WAT TE DOEN BIJ OVERLIJDEN – OCMW HOESELT - 39/43
Eenzaamheid komt veel voor omdat sommige ouderen niet over de mogelijkheden beschikken om zelfstandig dingen te doen of (nieuwe) contacten te maken en te onderhouden. Hulp bij de rouw “Waarom zou ik met iemand gaan praten, ik krijg haar toch niet terug?” Bovenstaande uitspraak is afkomstig van een weduwnaar. Hij was kwaad en verbitterd dat zijn vrouw was overleden en was van mening dat zijn leven alleen nog zin en betekenis kon hebben als zij weer terugkwam. Iemand die zich afsluit van anderen ontneemt zichzelf een belangrijke mogelijkheid om verder te komen en een verlies een plaats te geven. De mens is een sociaal wezen en heeft behoefte zich te uiten over zaken die hem of haar bezig houden.

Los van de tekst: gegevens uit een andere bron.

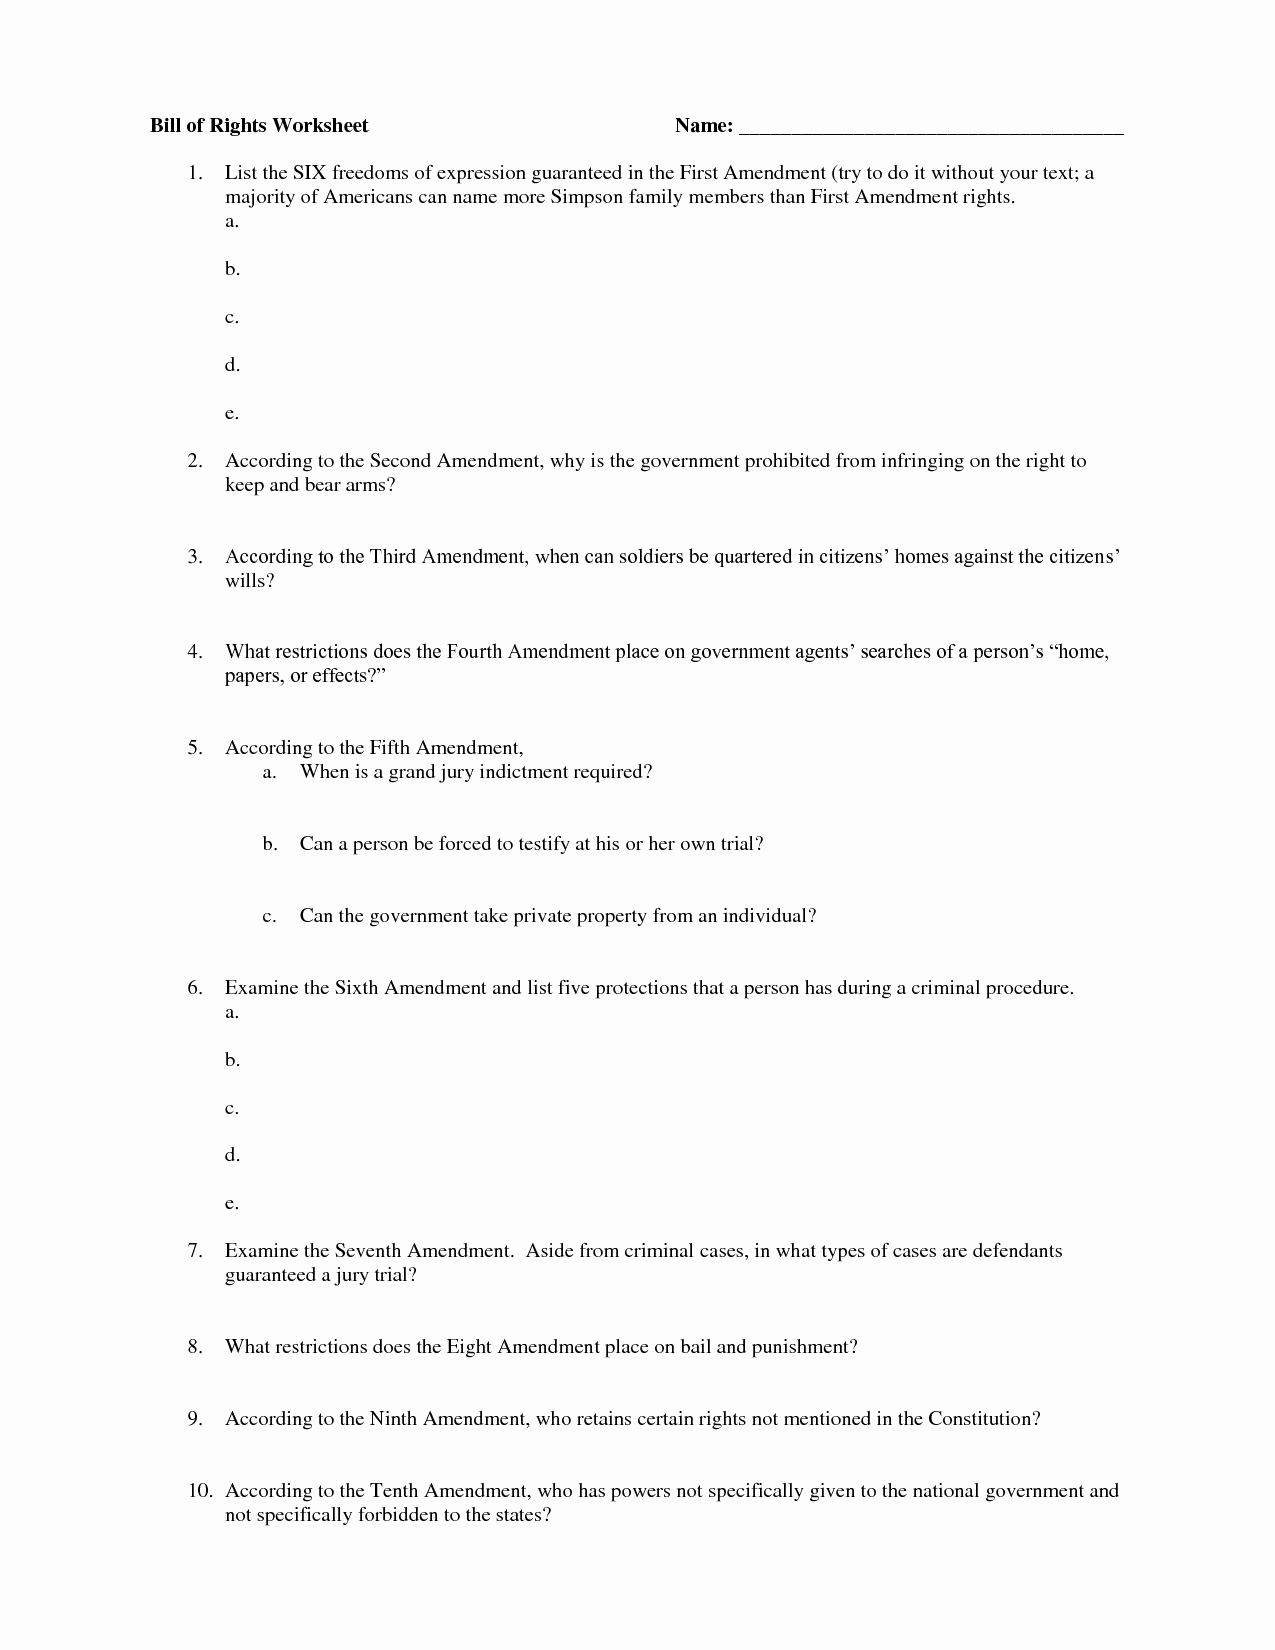 Bill Of Rights Worksheet Answers Luxury 12 Best Of 2nd Amendment Worksheet Second

Uit verschillende onderzoek komt naar voren dat sociale steun van mensen in de directe omgeving erg belangrijk is voor het verwerkingsproces. Niet-steunend Nabestaanden die aangeven belemmerende contacten te hebben noemen twee soorten belemmeringen. De eerste soort is die van de vermijding van de rouw: Bekenden komen te weinig langs. Als men komt wil men te weinig praten over de overledene; doet men vaak gemaakt vrolijk of doet alsof er niets aan de hand is. De tweede soort belemmering betreft dat nabestaanden het gevoel hebben dat ze in een keurslijf zitten: ze moeten eruit gaan of ‘je moet erover praten’, kortom te veel ongevraagde adviezen, te veel aanmoedigingen tot herstel (‘de volgende Kerst ben je er weer helemaal bij’) en onecht inleven in de ander (‘ik weet precies hoe je je voelt’). Wat vinden nabestaanden steunend gedrag van anderen? o Luisteren: veel nabestaanden willen een luisterend oor, zodat ze steeds weer (iets) kunnen vertellen over het verlies van de overledene, maar vooral ook over dagelijkse zaken. o Aanwezig zijn: van familie en vrienden, vaak zonder veel gesprek of actie, wordt zeer waardevol gevonden. o Warmte bieden: dat anderen bijvoorbeeld eens een arm om een schouder doen en zo betrokkenheid tonen. o Initiatief tonen: veel nabestaanden stellen het op prijs dat anderen zelf creativiteit tonen en initiatieven nemen. o Evalueren: bij de ander soms eens navragen of wat gebeurt (of juist niet gebeurt) wel goed is. Dit is in ieder geval beter dan voor de ander te denken.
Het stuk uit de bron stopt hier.